This is a Sponsored Post written by me on behalf of Jones Soda. All opinions are 100% mine.And when I say that, I'm including the dirt my mom says I ate when I was three.
As a poster for Izea, I received a "postie pack": the turkey hat my dog is so adorably modeling, and a bottle of Tofurky and Gravy Jones Soda . I freaking love the hat--I'm so wearing it on Thanksgiving. It was a hit at work, too--my coworkers always love a reason to laugh at me.
The soda, though .... well, my first thought when I saw it was "Dear god, WHY?" Still, I was excited to try it, even though I was sure it wasn't going to be pleasant. I debated as to if it would be better warm or cold--cold it would have less flavor, but turkey and gravy are warm foods. I decided room temperature might be best, and after the dinner rush I cracked open the bottle.
I poured a bit into a soda glass, and while my coworkers looked on it disgust, I bravely took the first sip. The taste didn't hit me right away--it fact, I'd say it has less taste and more aftertaste. And when that aftertaste hit me, it was terrible!
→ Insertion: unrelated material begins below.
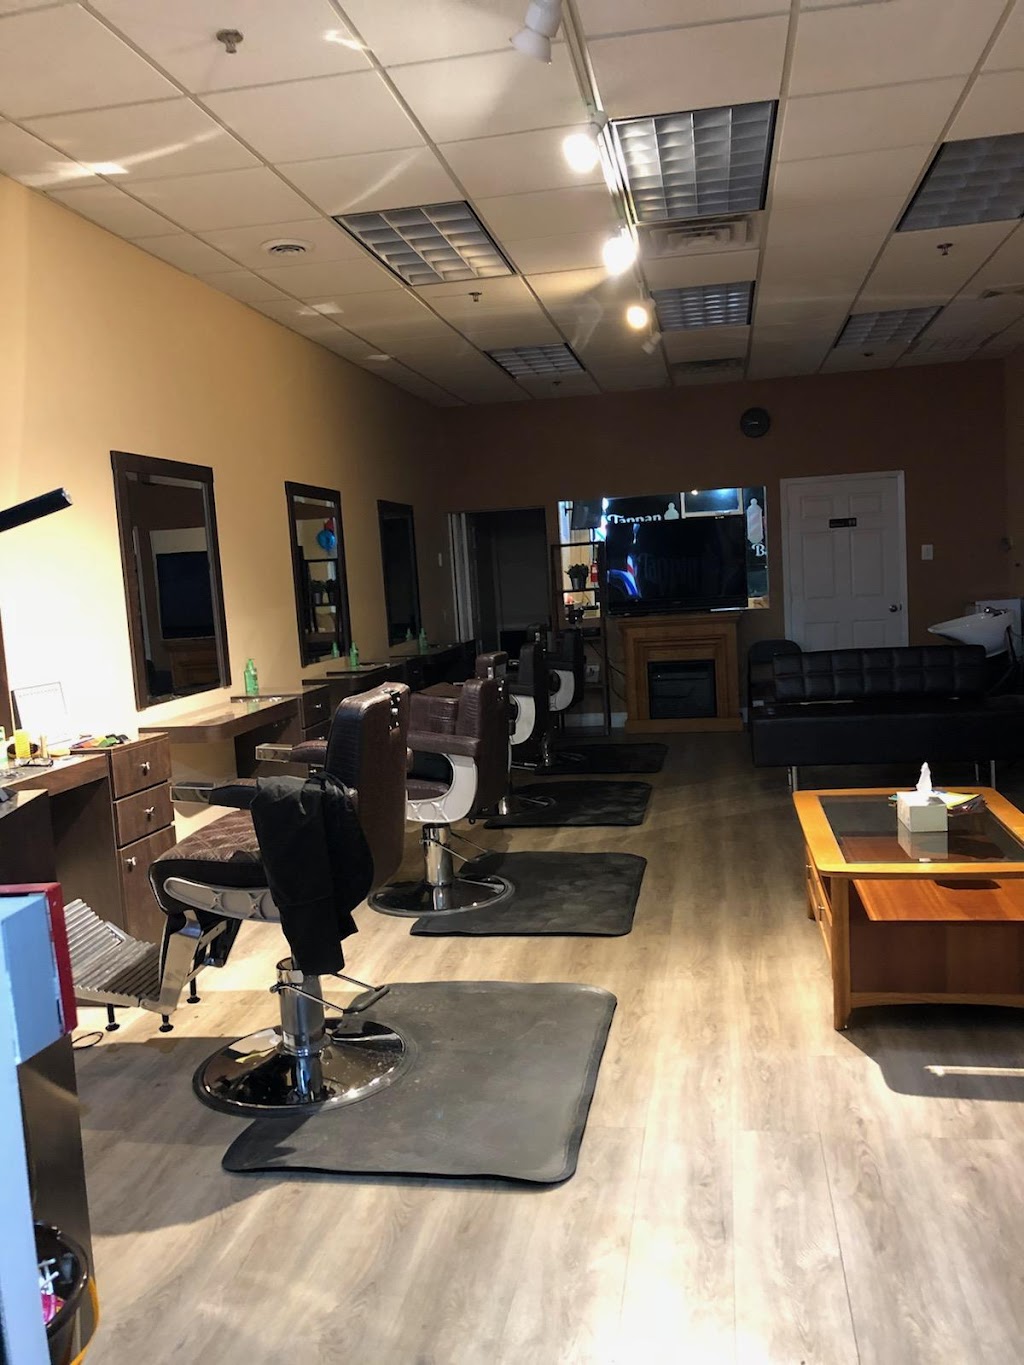 Tappan zee barbershop | 580 NY-303, Blauvelt, NY 10913 | Phone: (845) 848-2090

The taste stuck to my upper palate and I couldn't get rid of it for hours. It literally gave me a headache it was so bad. It had a delicate taste of old gravy, mixed with the tingly popping of carbonation--and then there was a weird funk that I'm unsure if it was the tang of tofu or what, but I was tasting and smelling the stuff for hours. It took gargling, drinking a lot of diet soda, and finally a chocolate dessert to overcome to taste.
Several other people tried it and all had about the same reaction. One person actually took a second sip, which astounded me. Most people, though, would sniff it and refuse to even try it. Freakin' pansies!
Really, it was fun to try--even if I did feel like gagging for several hours afterward. Maybe my grandfather's vegan girlfriend would like it.